Лицо Фирсова вытянулось и стало похоже на неспелый огурец.

Глаз медленно захлопнулся, и Букреев внезапно замурлыкал:

- Есть человечек. Тобой интересуется. Согласишься - окажешься в раю.

- Кто?

- Пока неважно. Главное - согласие.

- Согласен! - ни секунды не медлил Фирсов. - Согласен, Витек, согласен! Что я должен делать?

- Да ничего, - Букреев держал сигарету, картинно отставляя в сторону мизинец. - В баньку сходить, спинку человечеку потереть, массажик сделать. Короче, при бане будешь.

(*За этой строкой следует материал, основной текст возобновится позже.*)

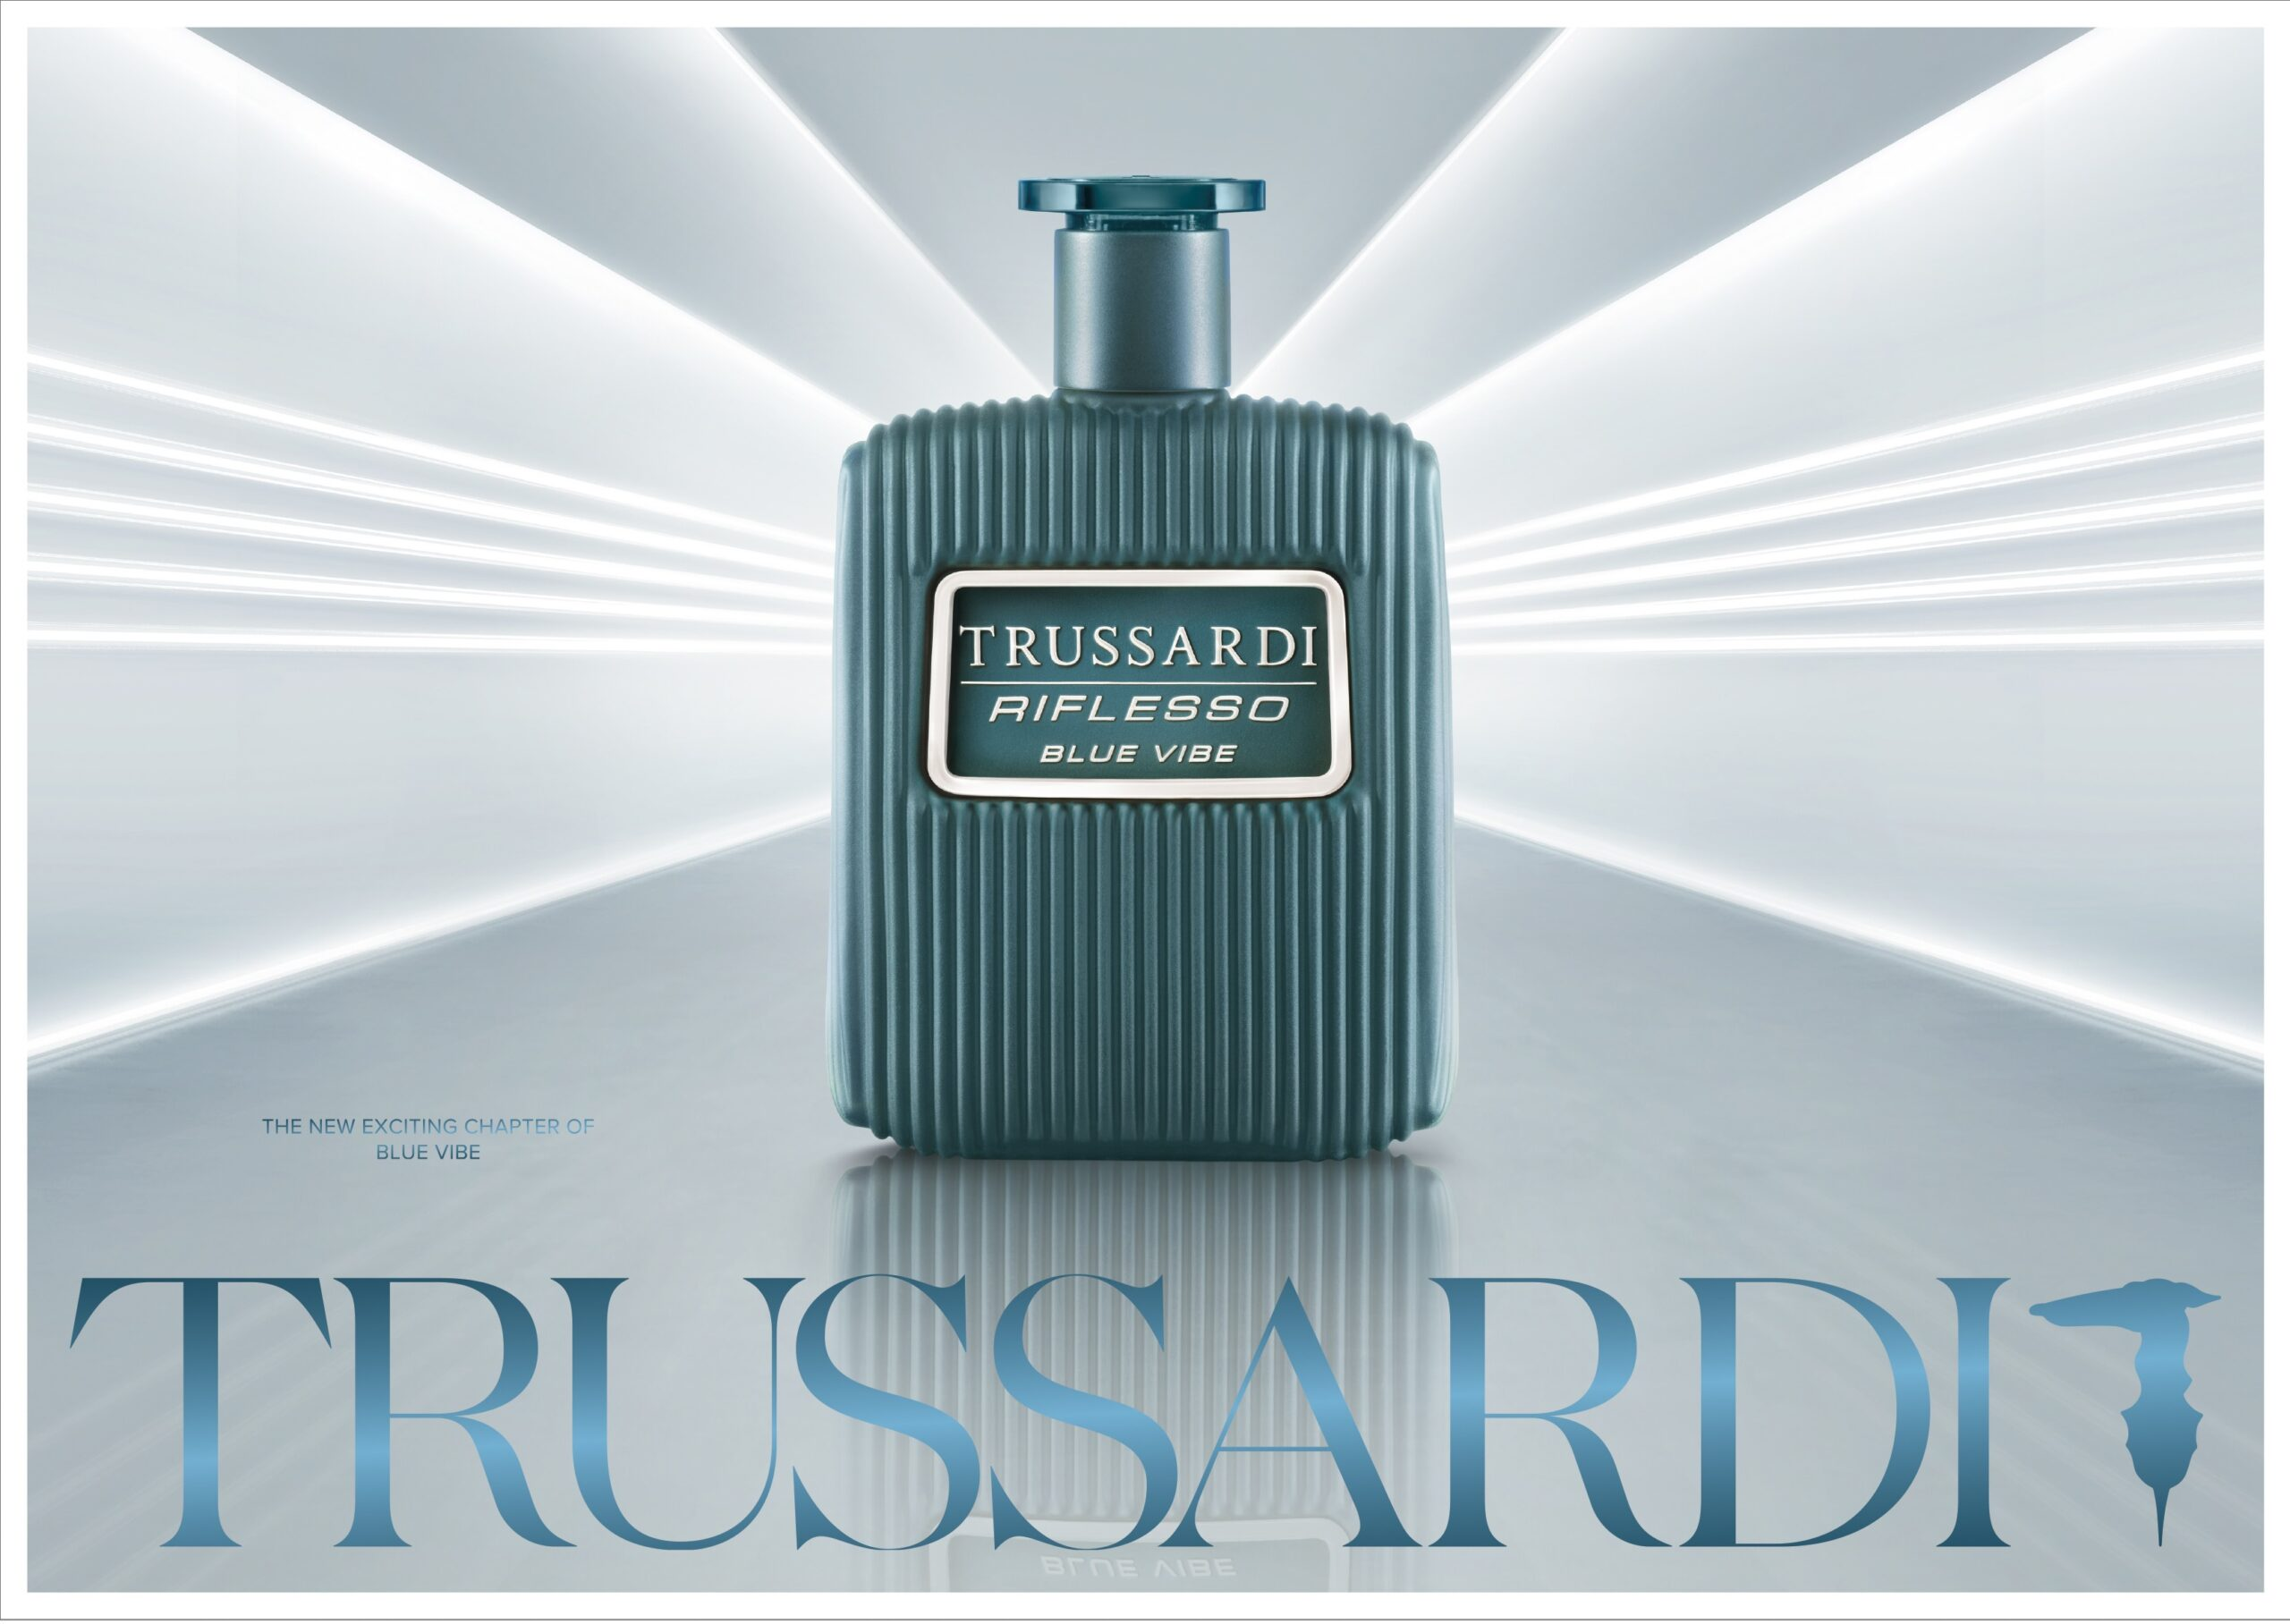 Trussardi Blue Vibe Limited Edition

- Но я... я... я... не умею.

- Он научит, - промурлыкал Букреев и распахнул плотоядные глаза, облизывая ими измученного непростой солдатской жизнью земляка. - Подкормит тебя, отогреет. Мальчик ты - самый смак.

Шелковистая интонация медового голоса коконом обволакивала Фирсова. Последние бархатные нотки оформили смутные догадки в четкую, завершенную мысль.

Фирсову стало страшно. Ему показалось, что Букреев - это жирный паук, который разбросал вокруг свою паутину, а теперь тянет ее на себя, стараясь намертво захлестнуть ею Фирсова. О ребятах подобной ориентации он знал понаслышке, а столица просветила и в том, что даже Петр Ильич Чайковский относился к этой кодле. И вот сейчас один из нее сидел рядом, а другой - то ли прапорщик, то ли офицер - тянулся к нему, распахивая потные, мерзкие объятия.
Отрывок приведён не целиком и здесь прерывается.